CMMR2 commented 5 years ago

I appreciate your continued help!

I tried the solution in that question earlier today but it doesn't work. I try using it like this:

conn.modify(&dn, vec![Mod::Replace("unicodePwd", hashset! {password})])

and when I run it, the compiler says at the hashset! {password} part:

expected &str, found struct std::vec::Vec

image

inejge commented 5 years ago

Ah, I see. Try

.modify(&dn, vec![Mod::Replace("unicodePwd".as_bytes(), hashset! { password.as_ref() })])
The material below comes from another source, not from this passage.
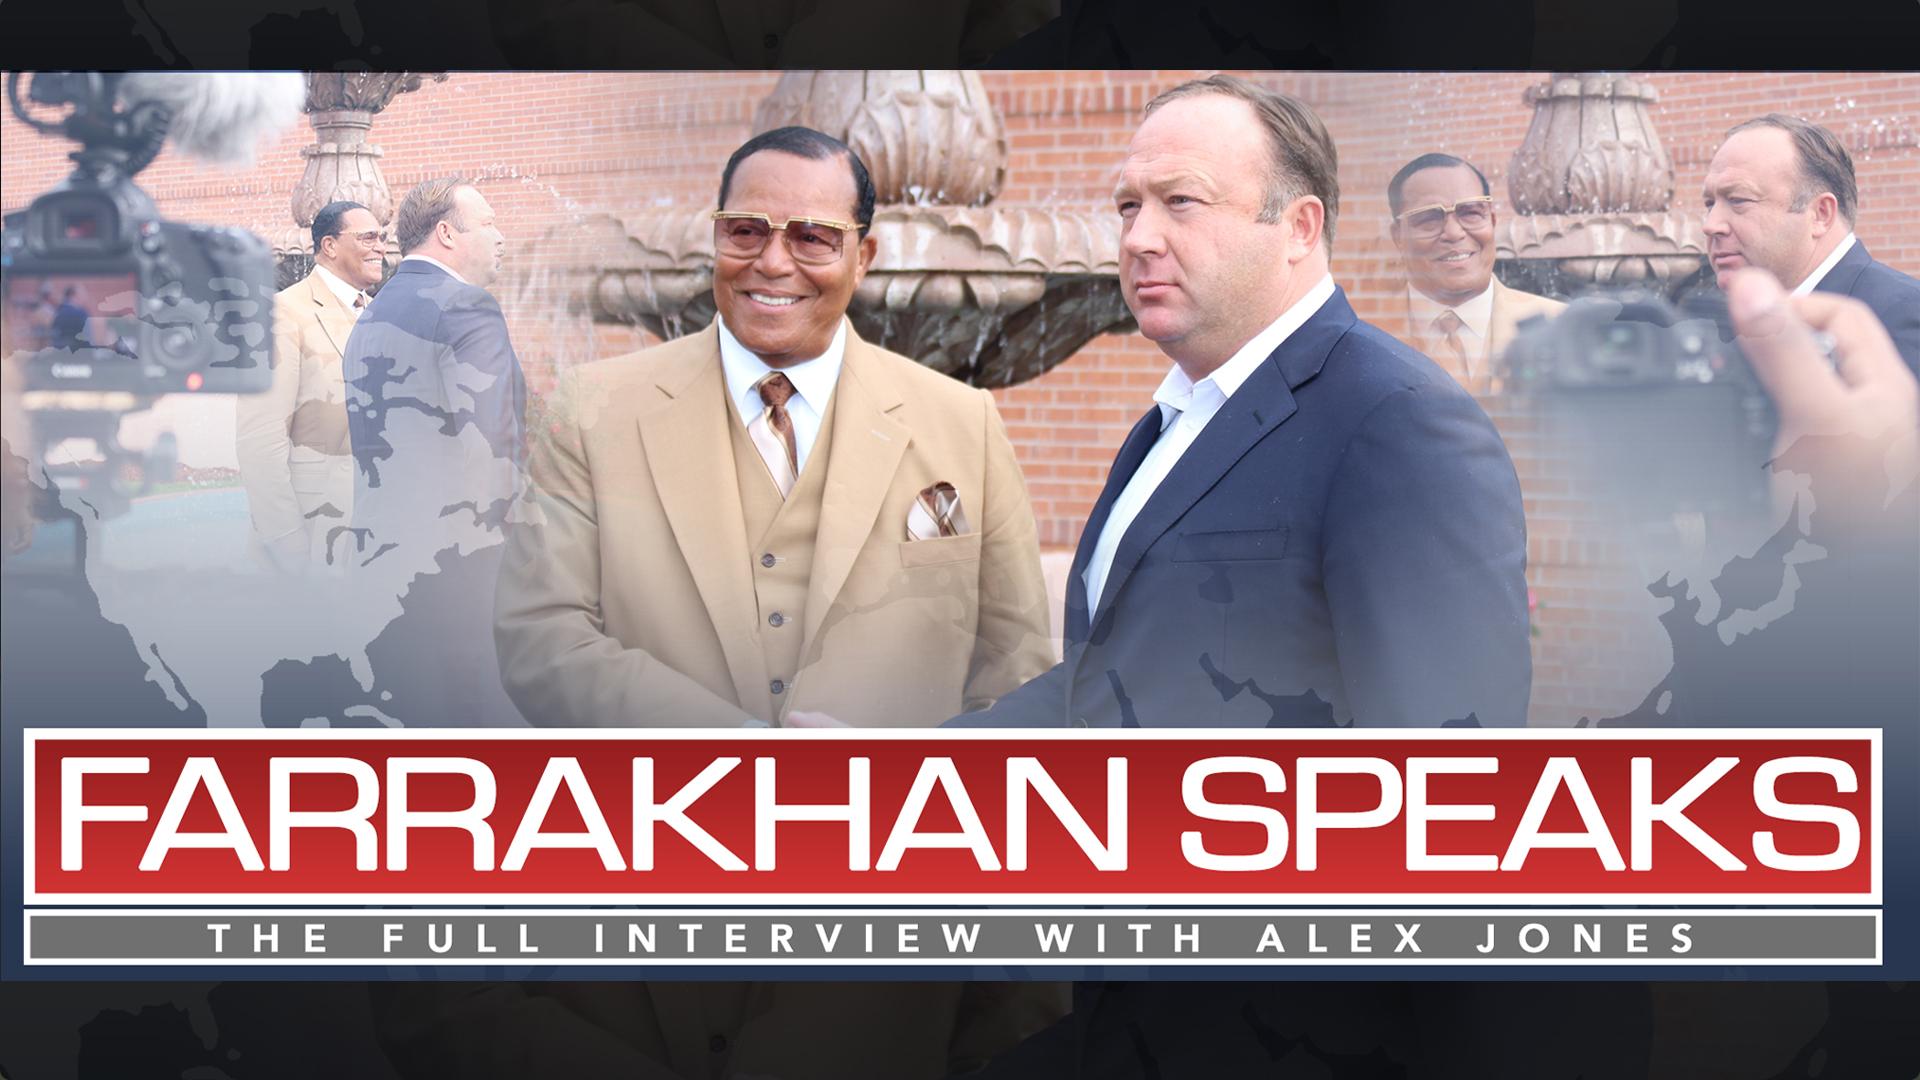 Minister Farrakhan interviews with Alex Jones of Info Wars

The type S in Mod's variants is used both for the attribute name and the value, which is fine for the usual &str/String case, but in this case the compiler sees "unicodePwd", which is a &str, and expects password to be the same, which it can't be. The trick is then to coerce both to the lowest common denominator, &[u8].

CMMR2 commented 5 years ago

That works perfectly! I can't tell you how grateful I am for your help. Thank you!

yocally commented 1 year ago

Hey sorry to comment on such an old issue, but I want to leave this for anyone in the future. On the AD server in my environment I had to first wrap the password in quotes before converting it to the byte array. Everything else in this issue was helpful though, so thank you to both of you for working this out before me.

inejge commented 1 year ago

On the AD server in my environment I had to first wrap the password in quotes before converting it to the byte array.

The blog post I've referenced in my first reply does have this step in the list of requirements. Quoting:

  • The new password must be enclosed in quotation marks, and it must use a UTF-16 little-endian encoding.